## COLLECTED MATERIAL
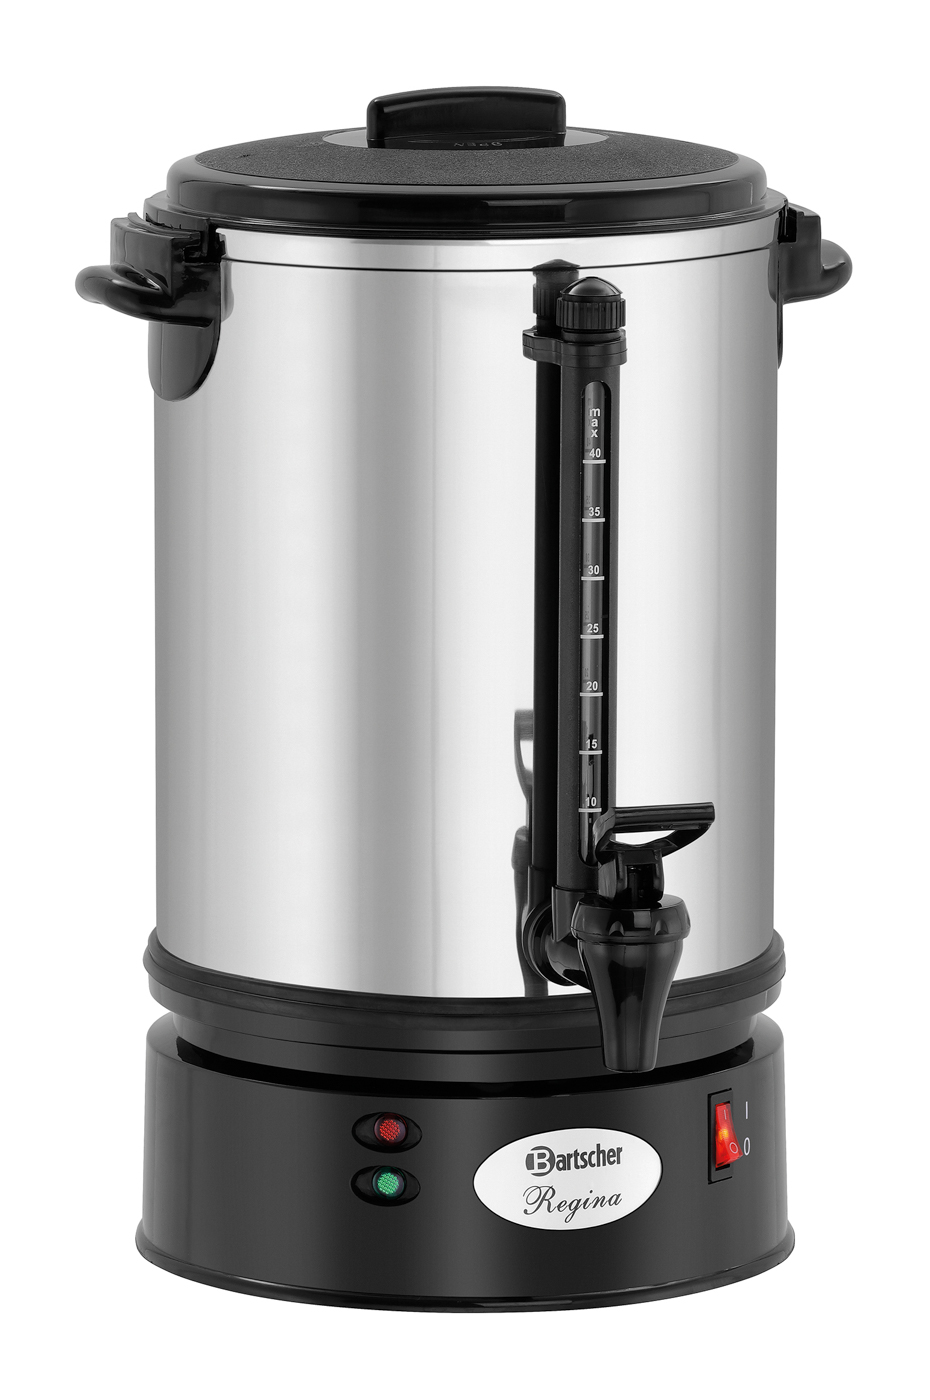 Bartscher Kaffeemaschine Regina Plus 40 | Inhalt: 6,8 Liter | Maße: 22 x 22 x 415 cm. Gewicht: 3,3 kg
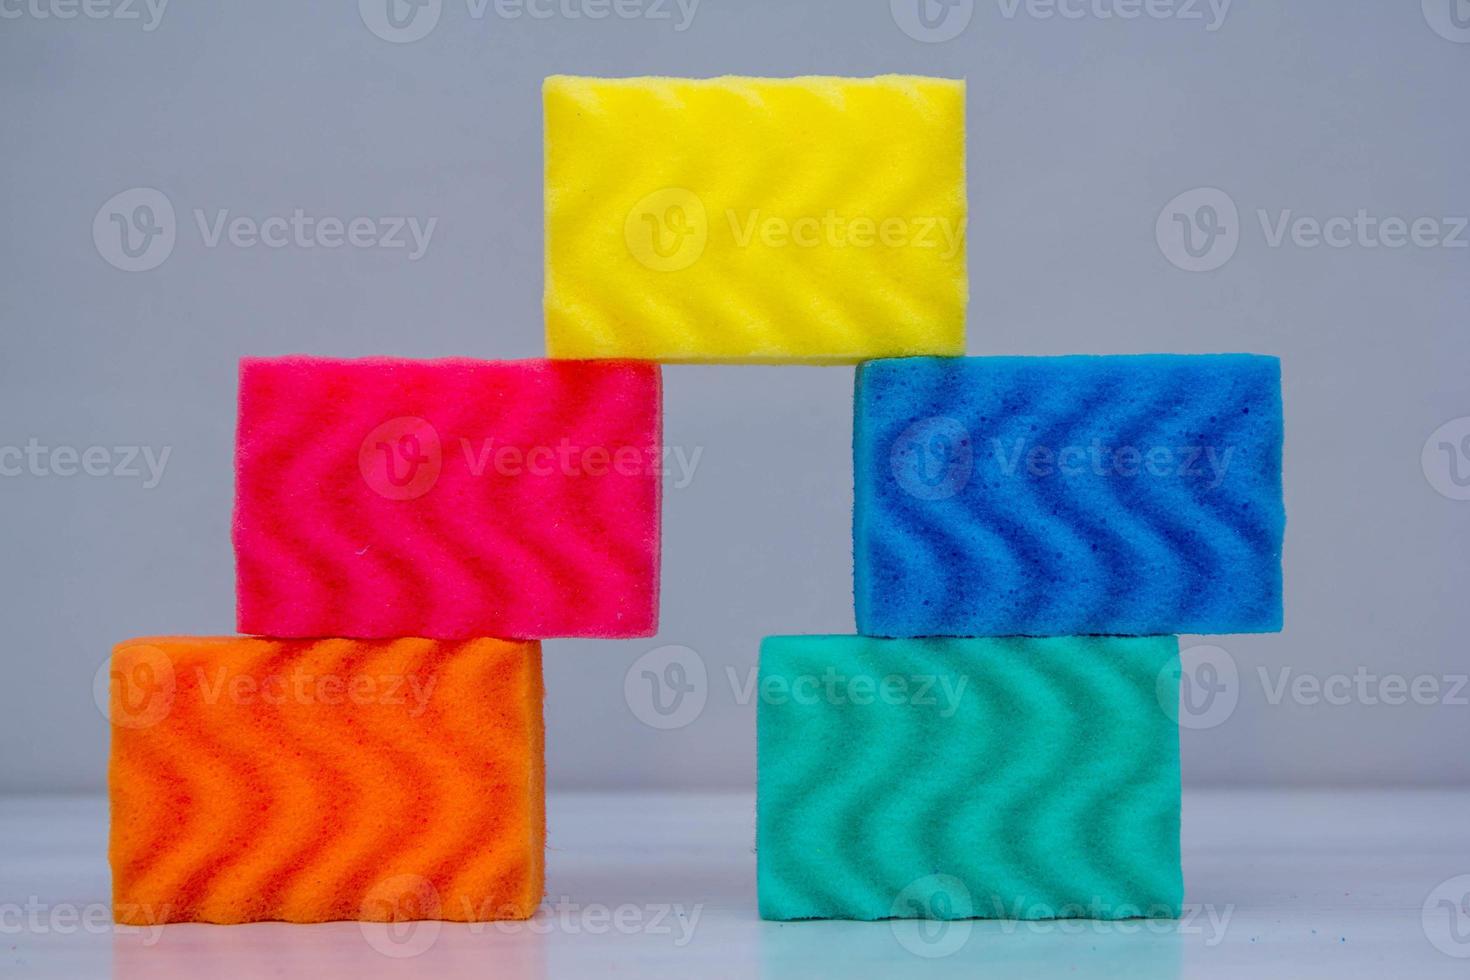 éponges multicolores pour nettoyer et laver la vaisselle sur une table blanche photo
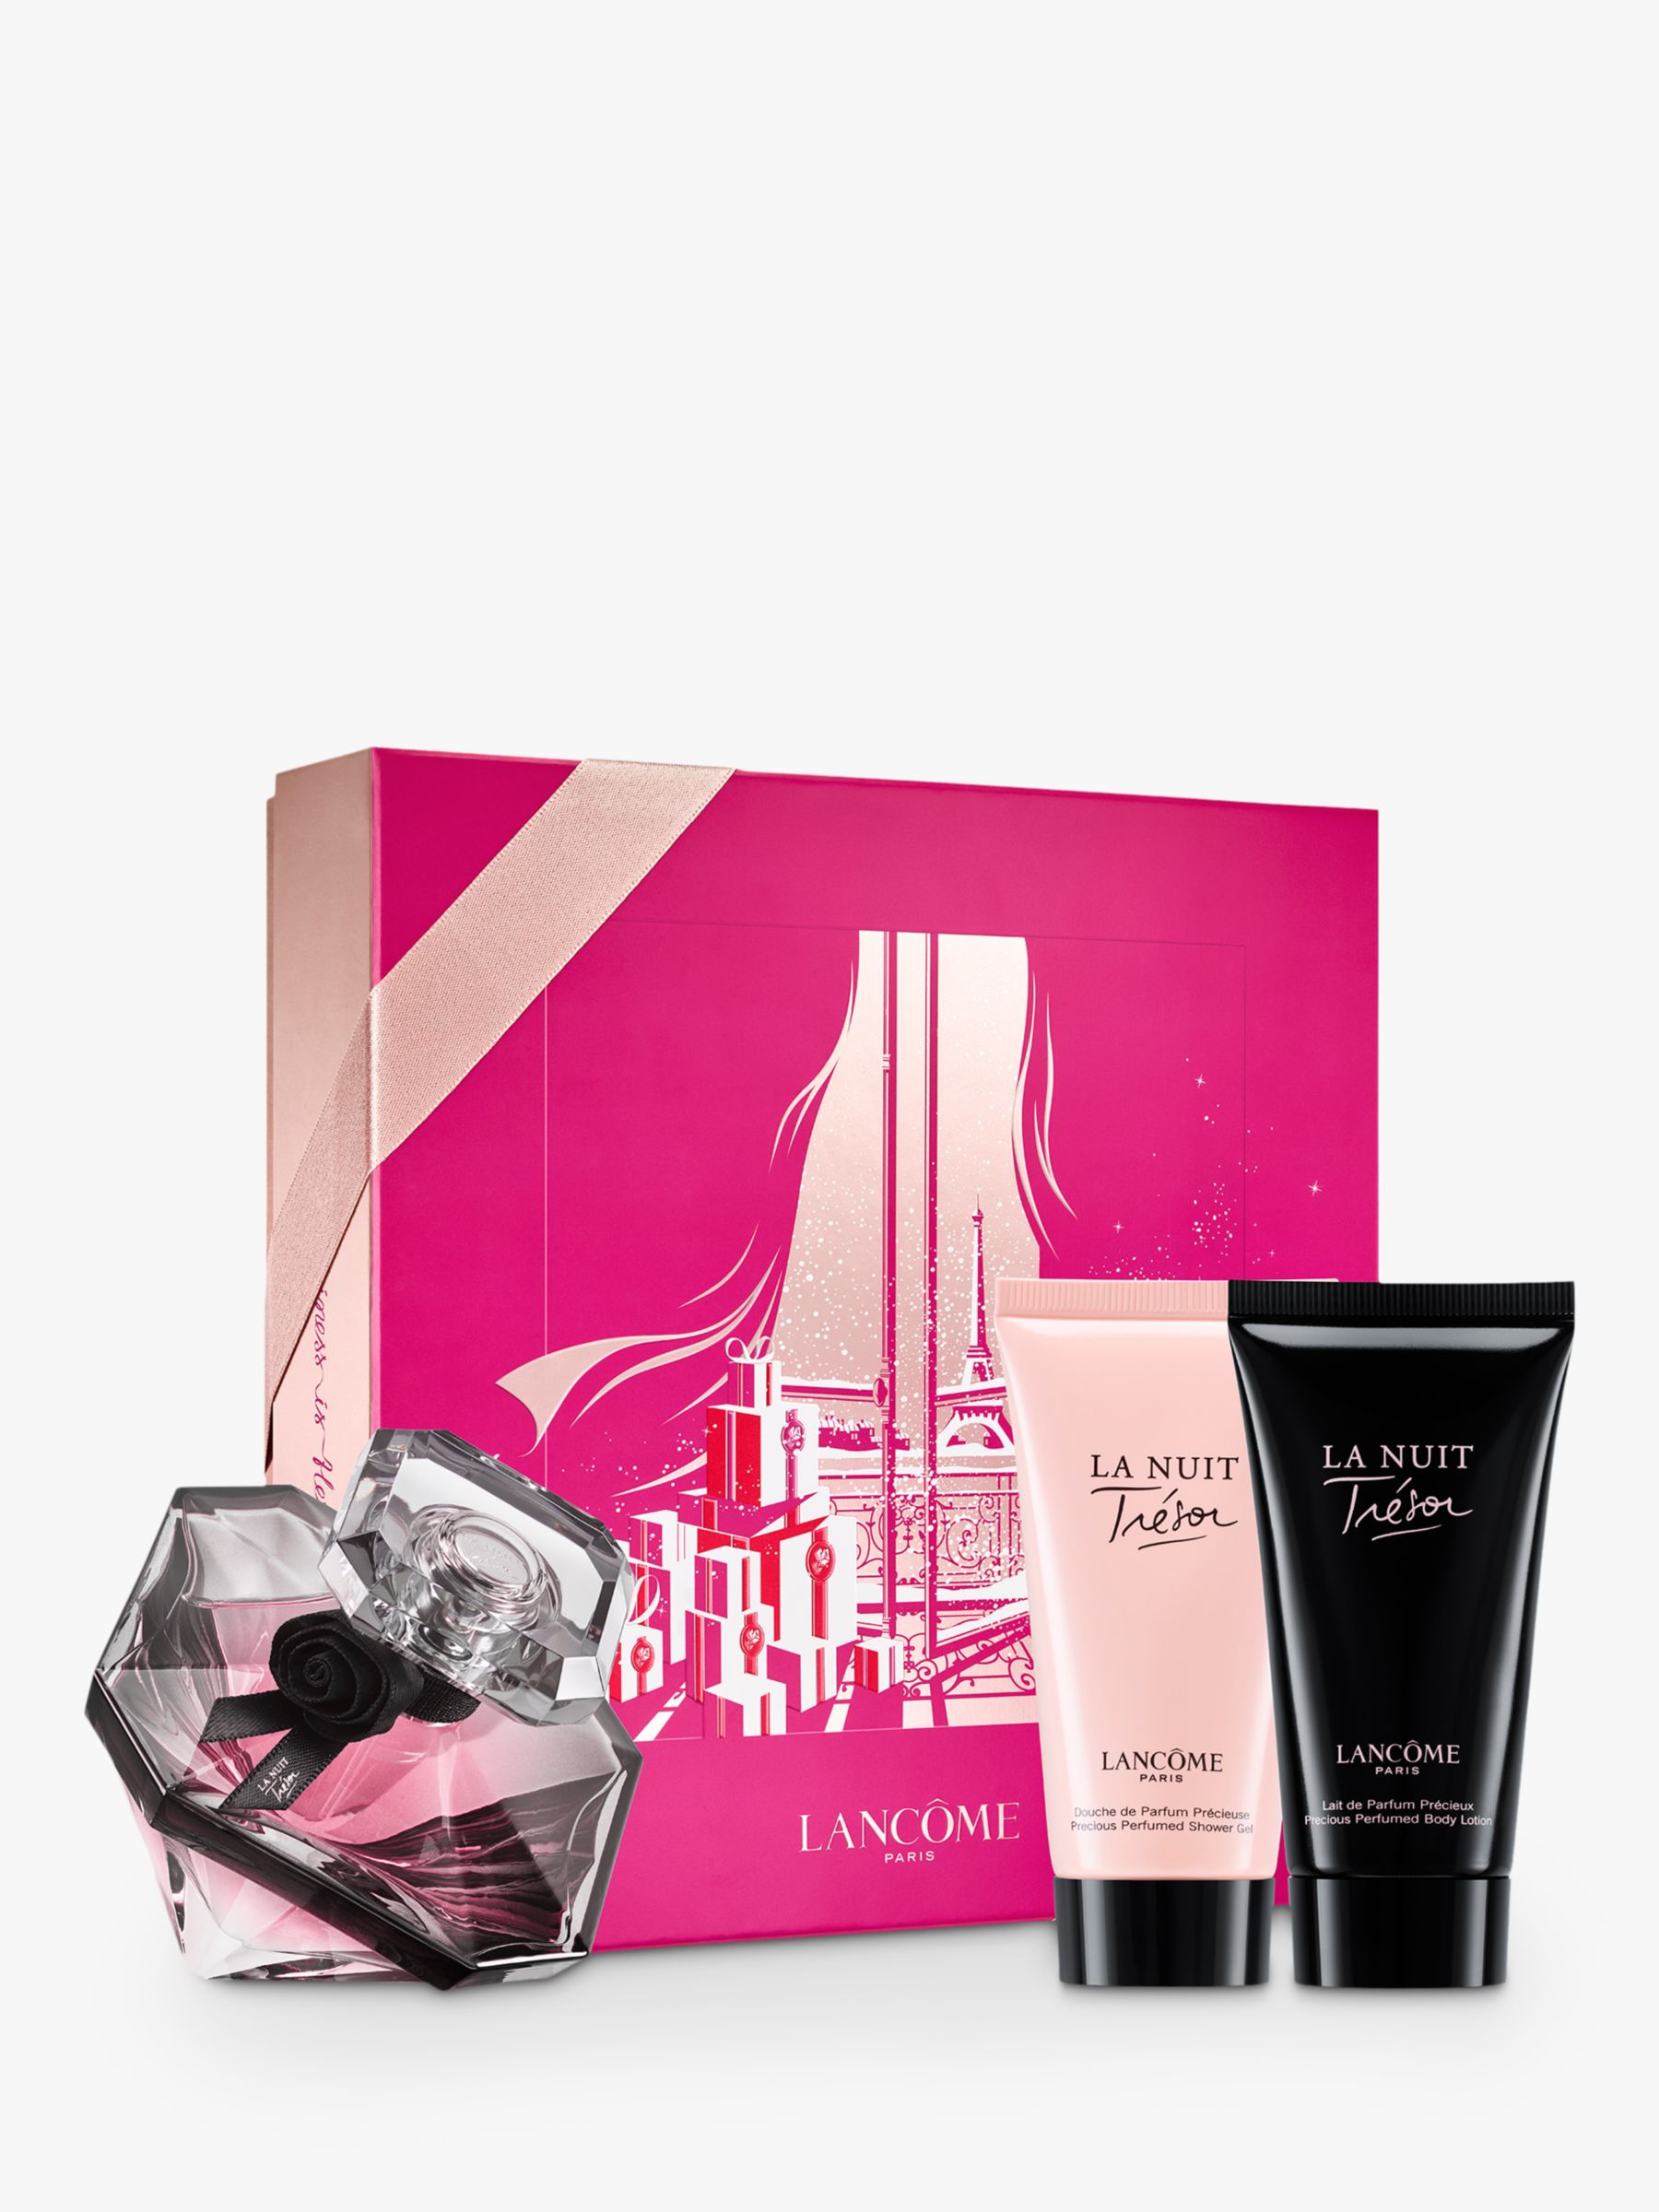 Lancôme La Nuit Trésor 50ml Eau de Parfum Fragrance Gift Set at John Lewis & Partners
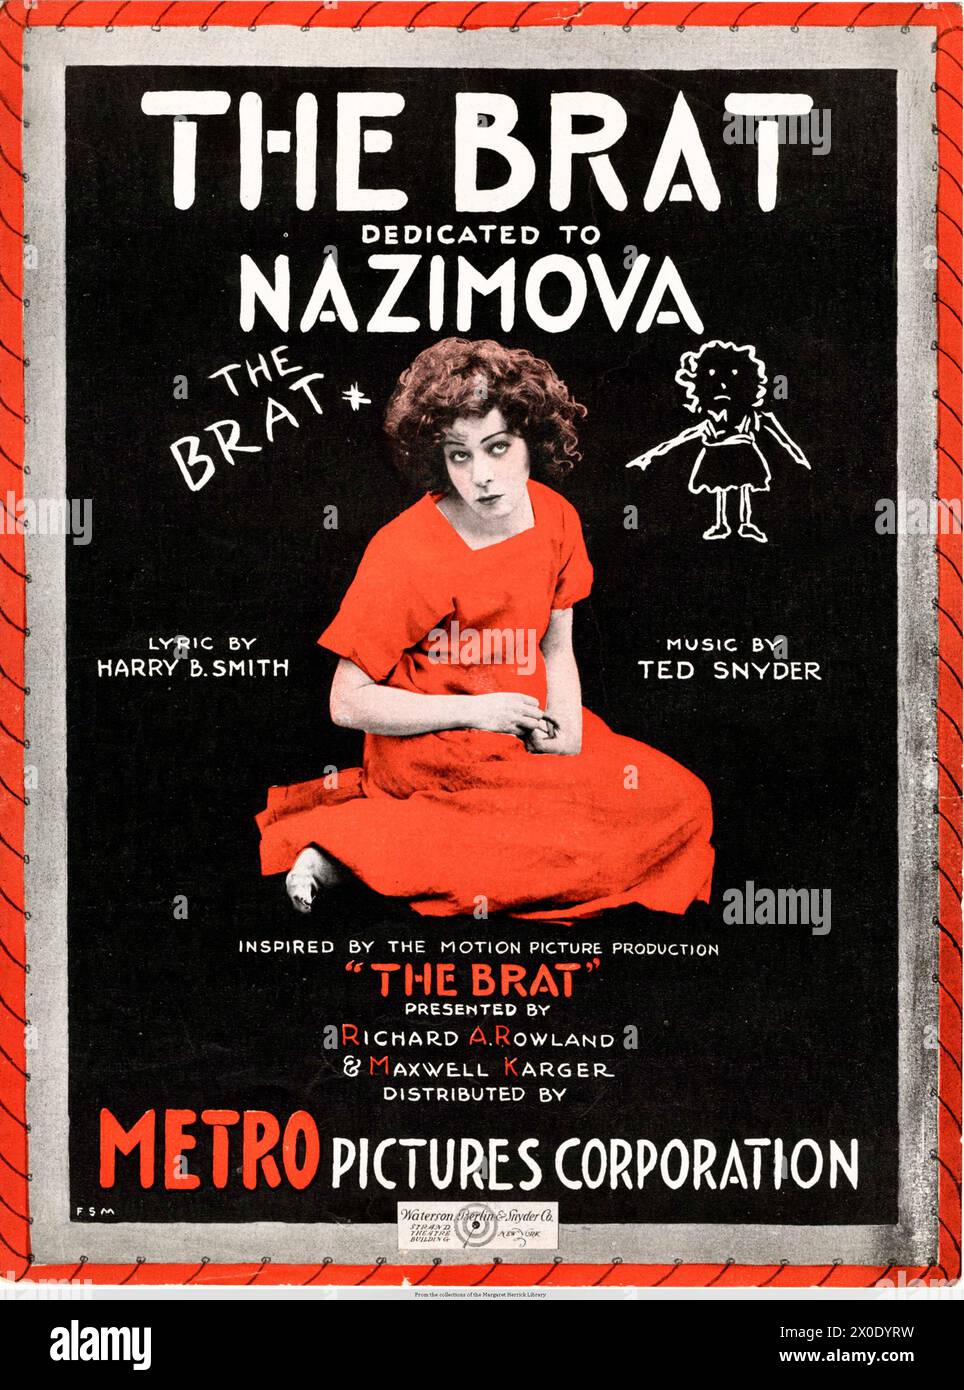 Il Brat - dedicato a Nazimova Foto Stock

## INSTRUCTIONS FOR THE TASK
Skipping any pictures, transcribe the full listing exactly.

## EXERCISE RESULT
 Bartscher Kaffeemaschine Regina Plus 40 | Inhalt: 6,8 Liter | Maße: 22 x 22 x 415 cm. Gewicht: 3,3 kg
 éponges multicolores pour nettoyer et laver la vaisselle sur une table blanche photo
 Lancôme La Nuit Trésor 50ml Eau de Parfum Fragrance Gift Set at John Lewis & Partners
 Il Brat - dedicato a Nazimova Foto Stock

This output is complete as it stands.